Барри позволил ей налить ему выпить. Барри позволил ей обнять его за шею. Барри снял свои собственные руки со своих собственных колен на тот случай, если ей в том районе что-нибудь понадобится. Понадобилось.
Он не сопротивлялся. Он поинтересовался, есть ли поблизости маленькая комнатка, где они могли бы уединиться.
– Сюда никто не зайдет, – заверила его женщина.
Он чувствовал запах ее духов – гнусный запах, раздражающий его чувствительный нос. Впрочем, если запах подается в комплекте с обнаженным телом, прекрасным, полным телом, телом, ждущим его, то Барри Глиддену было как-то наплевать на самочувствие собственного носа.
Уже мгновение спустя карусель в людном парке показалась бы Барри Глиддену вполне уединенным местом.
Перед самым мгновением наивысшего торжества Барри Глидден почувствовал у себя на спине каблук чьего-то ботинка.
– Барри. Где Рубин? Я ищу Рубина.
– Одну секундочку, Беатрис, – отозвался адвокат. – Всего одну секундочку.
– У меня нет этой секундочки, – отрезала Беатрис.
– Всего одну. Всего лишь одну!
– Тебе обязательно надо заниматься этим именно здесь?

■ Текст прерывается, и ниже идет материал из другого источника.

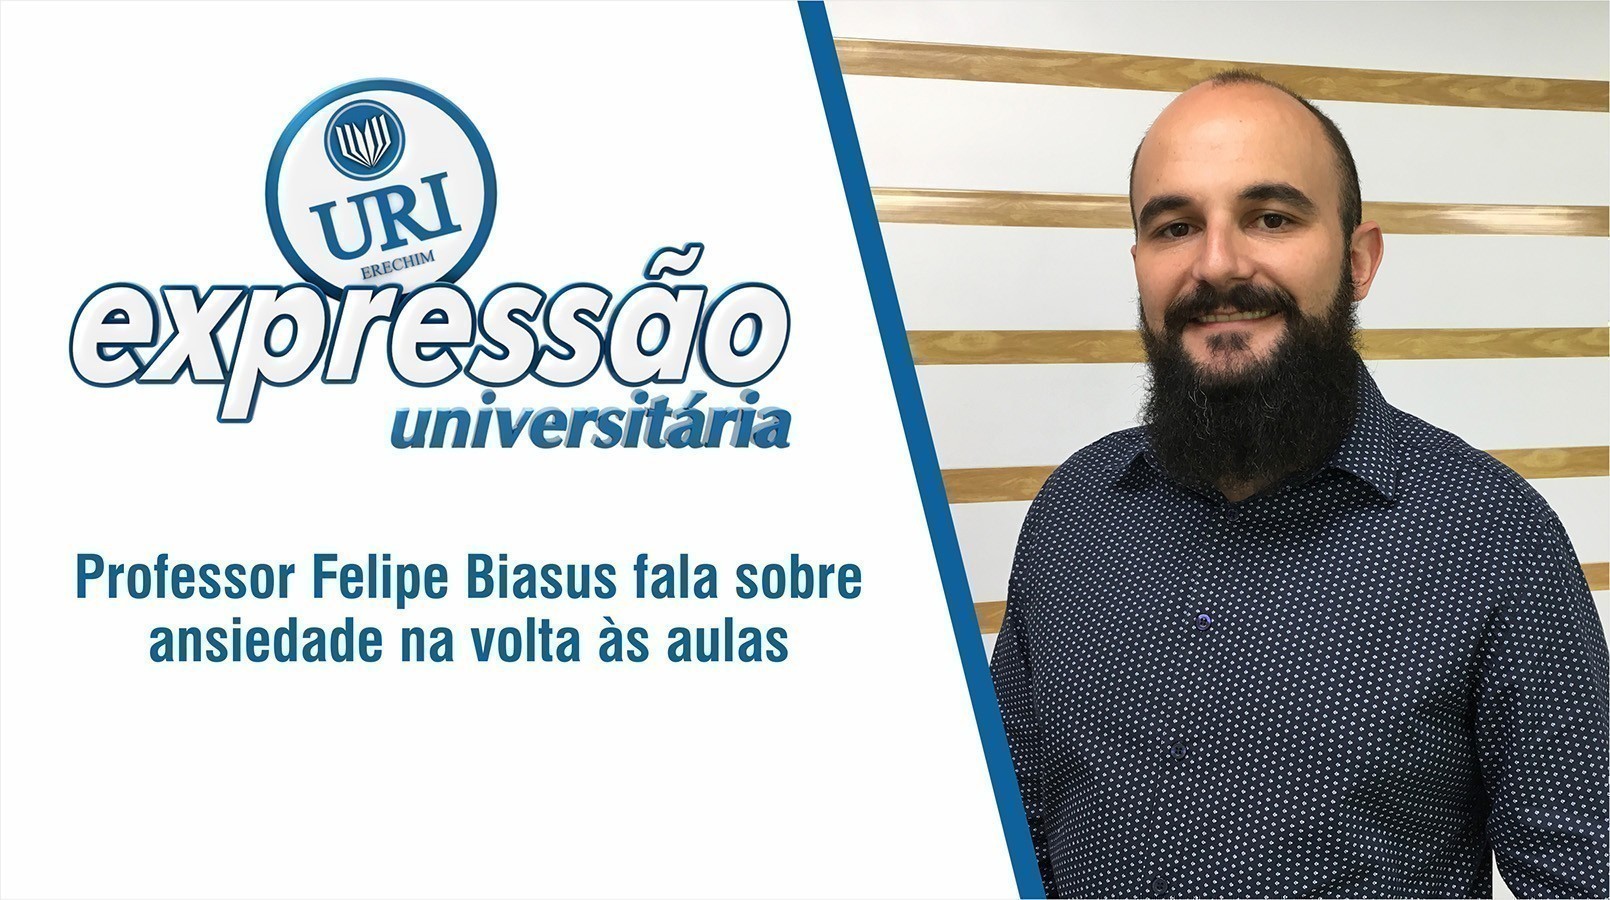 Professor Felipe Biasus aborda os sentimentos gerados em alunos e familiares na volta s aulas

– Да. О да! Мне обязательно это надо, и я это делаю. Барри не хотел прекращать свое занятие. Если бы в этот момент к его виску поднесли пистолет, единственная мысль, которая его бы занимала в этот момент, была бы такая: успею я кончить до смерти?
Он слышал, как Беатрис что-то делает возле бара, а потом – это стало для него сильнейшим шоком, вроде землетрясения, – он почувствовал, как ведерко ледяной воды выплеснулось ему на спину.
– Пошли наверх, – приказала Беатрис. – У нас много работы.
– Рубин говорит, она очень сильная женщина, – сказала фея из бара.
– Ага, – согласился Барри.
Иногда даже проект по строительству тысячи коттеджей не стоил того, чтобы ради него работать на Доломо.
В огромном конференц-зале в южной части здания, где супруги Доломо часто проводили совещания с руководителями своих подразделений, Беатрис выглядела почти счастливой.
Барри вытер себя бумажными полотенцами.
– Мне нужна правда. Если оценивать в баллах от одного до десяти, то каковы наши шансы выиграть дело в апелляционном суде?
– Мы по-прежнему можем признать свою вину в деле о мошенничестве.
– Я тебя не об этом спрашиваю.
– Никаких шансов.
– Тогда, – угрожающе произнесла Беатрис Доломо, – мы начинаем играть жестко.
– А аллигаторы в бассейнах и угрозы президенту – это что, значит играть мягко?
– Я хочу сказать, что мы будем фехтовать без наконечников на рапирах, Барри.
– За такое фехтование людей отправляют в газовые камеры, Беатрис. Почему бы не сократить себе расходы и убытки и не спастись бегством? У вас по-прежнему уйма денег, особенно если вы продадите это поместье, в котором вам теперь нет особой нужды. Попробуйте оценить преимущества реальных денег – если вы продадите поместье, то сможете до конца своих дней избавиться от угрозы тюремного заключения. Никакой больше религии, просто чудесная, мирная, хорошо обеспеченная пенсия.
– Два-три года такой жизни, и что дальше, Барри? Нет, никаких компромиссов. Я не затем выбралась из грязного вонючего чердака и вытащила за собой Рубина, чтобы так легко сдаваться. Ты что, думаешь, Рубин – великий гений? Он был всего-навсего бездарным писателем-фантастом. Одним из многих. Он верил в Братство Сильных. Он пытался помочь людям, когда его основал. Можешь ты это понять? Он на самом деле верил, что люди могут избавиться от головной боли, если сумеют отыскать в своей жизни такой момент, память о котором так крепко вцепилась в них, что они не могут от нее избавиться. Мне пришлось осадить его, когда он начал лечить рак, а то бы его пациенты представили нам такой счет, что нам бы с ними никогда не расплатиться. Нет, мистер Глидден, я не собираюсь подавать никаких ходатайств.
– Так что же вы собираетесь делать?
– Идти дальше – вперед и вперед.
– Вы уже пытались убить журналиста и угрожали президенту. Куда еще дальше?
– Если ваши угрозы не осуществляются, то вам никто не будет верить, – заявила Беатрис.
Сегодня губы у нее были накрашены фиолетовой помадой, а на веках лежали фиолетовые тени. На ней была белая крестьянская блузка с вышитыми цветами. Она была похожа на, пожилую женщину, потерявшую собственную одежду и одолжившую наряд у своей двенадцатилетней дочери.
Барри прекрасно понимал, почему Беатрис одевается так скверно. Просто ни у кого не хватало мужества объяснить ей, как ужасно она выглядит.